Medical University of South Carolina researchers, funded by the National Institutes of Health, have found that the deactivation of a stress-signaling area of the brain associated with emotion-related and motivational behaviors can decrease binge drinking.
The study, which will appear in the May issue of Neuropharmacology and was published online in February, was led by Howard C. Becker, Ph.D., director of the Charleston Alcohol Research Center and professor in the Department of Psychiatry and Behavioral Sciences.
The National Institute on Alcohol Abuse and Alcoholism (NIAAA) defines binge drinking as "a pattern of drinking that brings blood alcohol concentration (BAC) levels to 0.08g/dL (the legal limit)" within 2 hours. This usually occurs at 5 drinks for men or 4 drinks for women.
According to Becker, "Binge drinking is one of the most common patterns in which alcohol is consumed... one consequence of repeated binge drinking is increasing the risk for developing an alcohol use disorder (AUD)." Becker adds that consistent binge drinking, especially during the adolescent and college years, puts those who binge at nearly 10 times the risk for developing an AUD.

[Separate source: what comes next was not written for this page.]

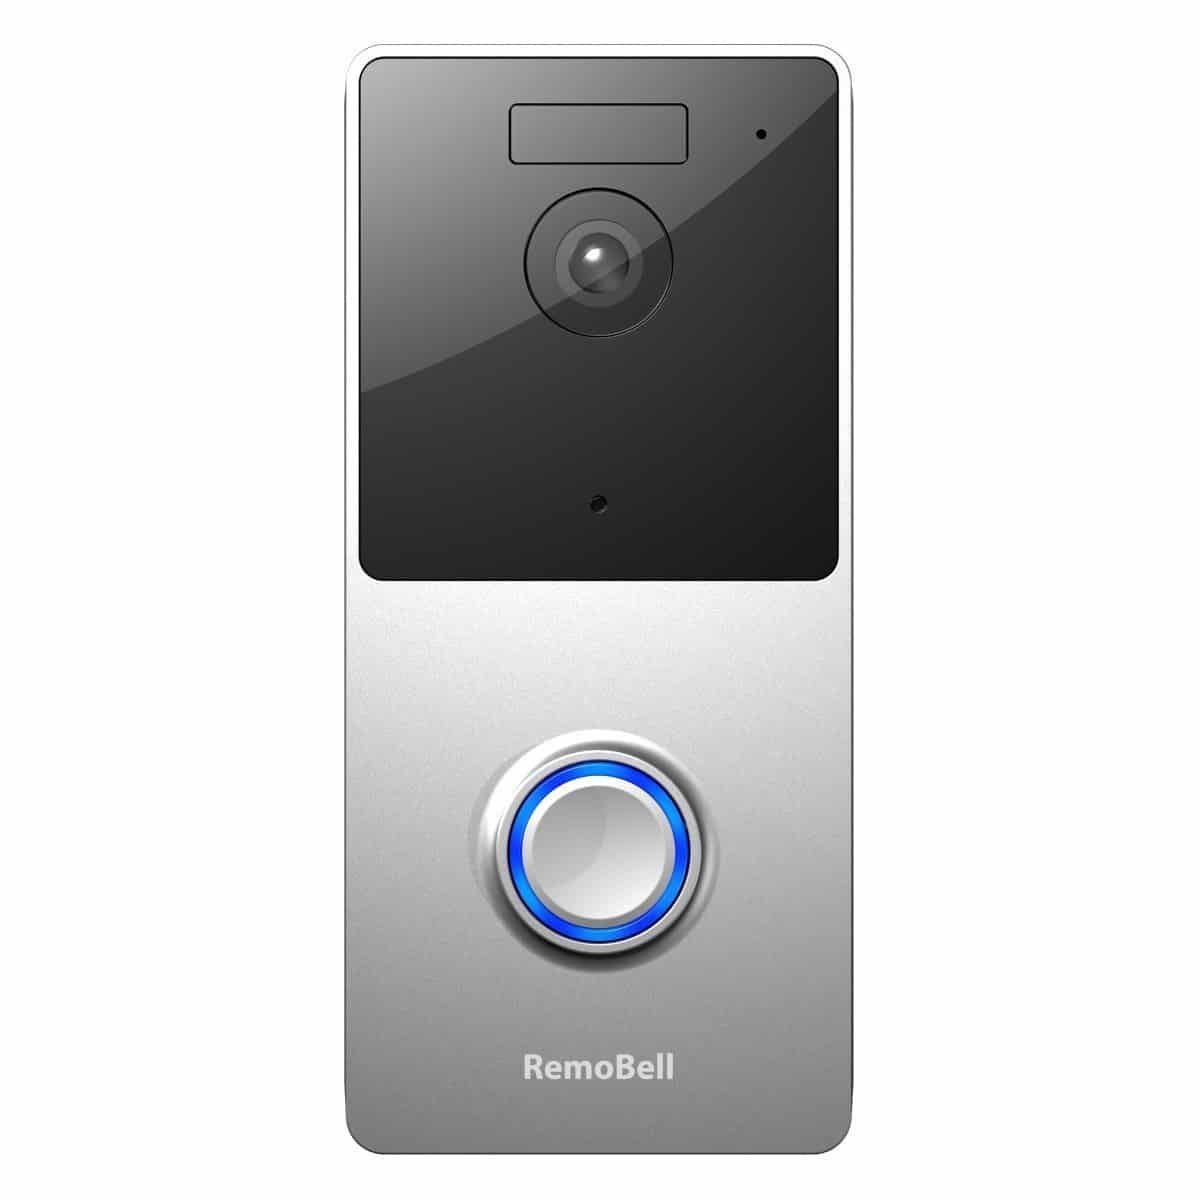 Remobell Video Doorbell - diy smart doorbell

First author of the study and graduate student in the Becker laboratory, JR Haun explained what the NIAAA acknowledges as 'standard' for specific beverage types. "A drink is defined as roughly one 12-ounce can of beer, a 5-ounce glass of wine or a standard 1.5 ounce shot of distilled spirits." However, he added that the serving size can vary, depending on the percentage of pure alcohol in the drink.
The Strategy Tested
The potential strategy Becker and Haun tested for curbing binge drinking involved manipulating a brain system called the opioid receptor system that is well-known in the addiction field. Opioids such as oxycontin, oxycodone, morphine, and heroin act on this brain system to produce pleasurable effects. This is what puts users of these drugs at such a high risk of developing an addiction.
However, there is one opioid receptor that is the odd one out—the kappa opioid receptor system, which is also referred to as an anti-reward system. This system produces feelings of discontent and stress, as opposed to feelings of pleasure.
The positive effects that people feel when they drink are partially due to opioid receptors being stimulated. Once they've finished drinking, however, and the stress of withdrawal symptoms kick in, this activates the kappa opioid receptor system.
To test their strategy, the research team honed in on a structural network in the brain known as the extended amygdala in mice. This is a region of the brain involved in motivational behavior and is highly responsive to stress, as well as associated with compulsive drinking. This network contains several kappa opioid receptors. Hence, it was an obvious candidate for investigating the role it has in curbing excessive drinking.
This binge-drinking mouse model permitted the mice to drink as much as they wanted for 4 hours every night. According to Becker, "The mice will drink enough alcohol in this relatively short period of time to achieve blood alcohol levels that would define it as a binge episode."
By deactivating the kappa opioid receptors in the mice with a drug, binge drinking was decreased. This discovery points to the important role the kappa opioid receptor system plays in not only the negative effects of withdrawal but also the motivation to binge drink as well.
These findings can easily sound counterintuitive. How could turning-off the negative effects of this system of the brain decrease drinking? According to Haun, the answer to this question is not entirely clear.
"But what we do know is that kappa opioid receptors play an important role in the negative emotional state that drives drinking when it becomes compulsive in alcohol use disorders," Haun said.
Haun and Becker hypothesize that the kappa opioid receptor system may drive binge drinking and compulsive alcohol use similarly, as well as contributing to uneasiness and stress in the state of withdrawal. The finding also backs up Becker and Haun's hypothesis that the kappa opioid receptor system in the extended amygdala motivates binge drinking.
So is a pill to curb binge drinking in our future?
Becker suggests this type of therapy, if developed, would be most appropriate for those who struggle with controlling chronic drinking, like those with an AUD or those who are at an elevated risk of developing one.
Although such therapeutics may be developed, nothing can replace recognizing destructive behaviors and trying to reverse them by reversing the negative thinking that drives them. A pill may help curb binge and chronic drinking, but probably not without the support of counseling, behavioral therapy, replacing negative behaviors with healthy ones, and improved self-care.